Помонис грозно взмахнул ножом, поскользнулся и, едва не упав, продолжал с такой горячностью, как будто ему кто-то возражал:

— Выходит, что человек, достигший зрелого возраста, видел уже все, что было, и все, что будет. Николай, вслед за своим сумасшедшим философом-императором, убежден, что меняются только актеры, а не содержание пьесы, что все иллюзорно и существует лишь во мнении человека. Да, конечно, часто бывает так, что невольно сомневаешься и в разуме отдельного человека, и в разумности всего сущего.
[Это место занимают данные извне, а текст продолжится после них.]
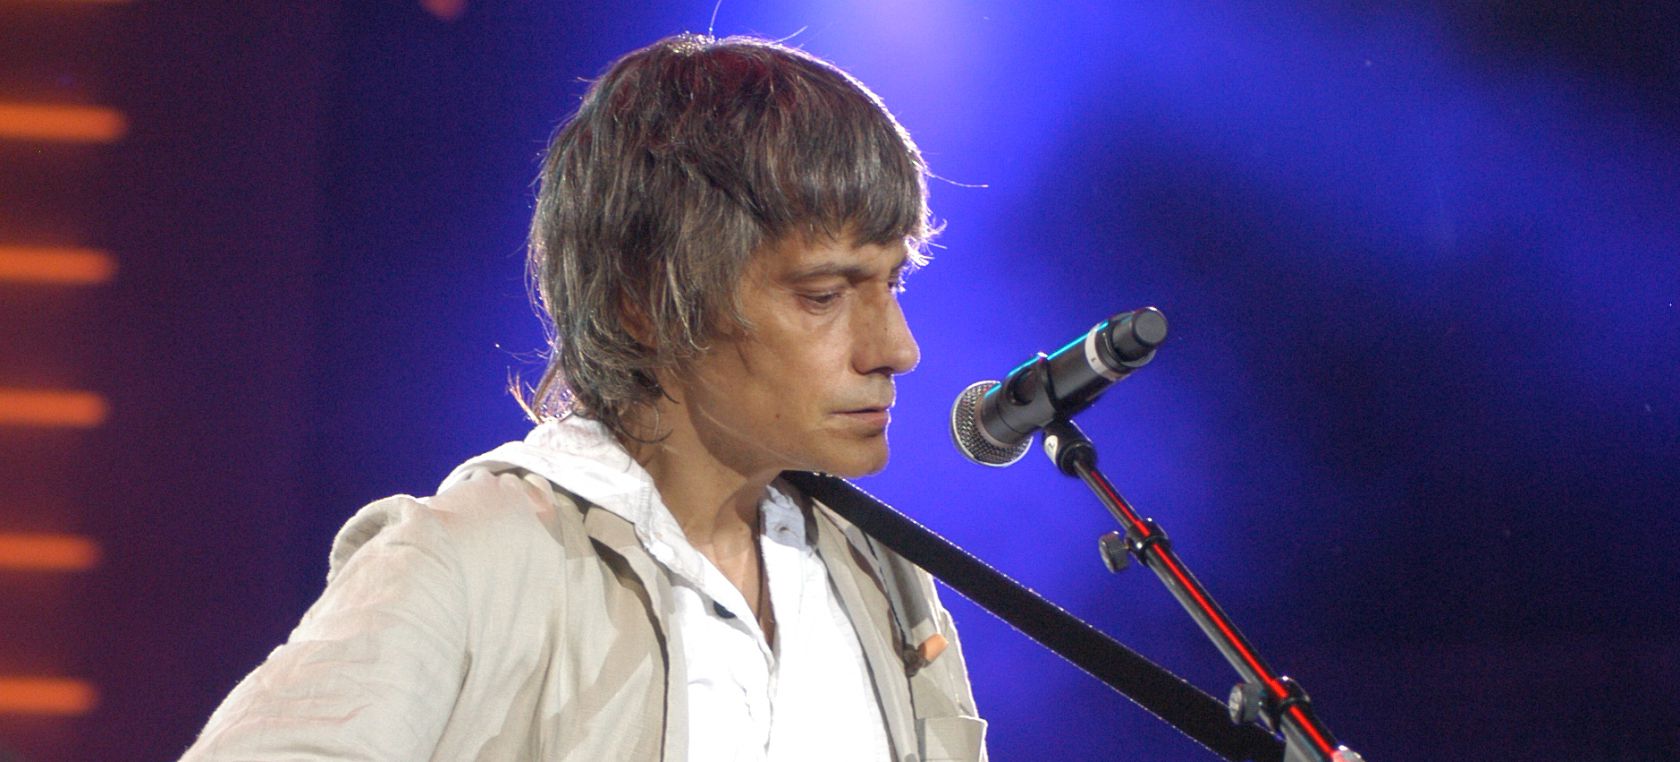 Antonio Vega, la voz del pop español, en cinco letras emblemáticas

Но разве из этого следует, что остается только спокойствие духа и исполнение долга ради долга без всякой положительной цели? Да это черт знает что за философия! Почему человек, едва успев родиться, оказывается обязанным платить всяческие долги? Почему он оказывается опутанным долгами? Разве он выбирал место своего рождения? Среду и условия, в которых ему придется жить и расти?..

— Простите, — прервал я Помониса с невольной улыбкой, — а вы, разве вы отрицаете чувство долга?

— Нет, — горячо отозвался Помонис, — совсем не отрицаю, а полностью признаю в той мере, в какой оно вытекает из моей принадлежности к людям и к живой природе, а не долг ради долга без всякой цели!

Не знаю точно, сколько времени мы так шли, но в конце концов яркое весеннее солнце немного подсушило дорогу, идти стало легче. Зато мы оба почувствовали сильный голод и только тут сообразили, что еще ничего не ели, а уже середина дня.

— Неплохо бы теперь хоть что-нибудь перекусить, — сказал я, — или если уж ничего нет, то проникнуться философией этих стоиков, проповедовавших воздержание и в суждениях и в пище.

— Это не стоики, — пробормотал Помонис, — это философия Секста Эмпирика и других поздних скептиков.

Так прошло еще часа два, и тут мы услышали прерывистый, неровный шум мотора. Нас нагонял «виллис», потрепанный, видавший виды «виллис» военных еще времен. Шофер — он же районный агроном — ехал для весенней консультации в село, расположенное всего в нескольких километрах от того, куда стремились мы, и, узнав о цели поездки, охотно согласился нас туда подкинуть. Однако мы не сразу даже поняли, как сильно нам повезло. В полной мере мы оценили это только тогда, когда этот самый лучший и самый запасливый в мире человек, узнав о наших злоключениях, вытащил из мешка каравай хлеба, брынзу, копченое сало.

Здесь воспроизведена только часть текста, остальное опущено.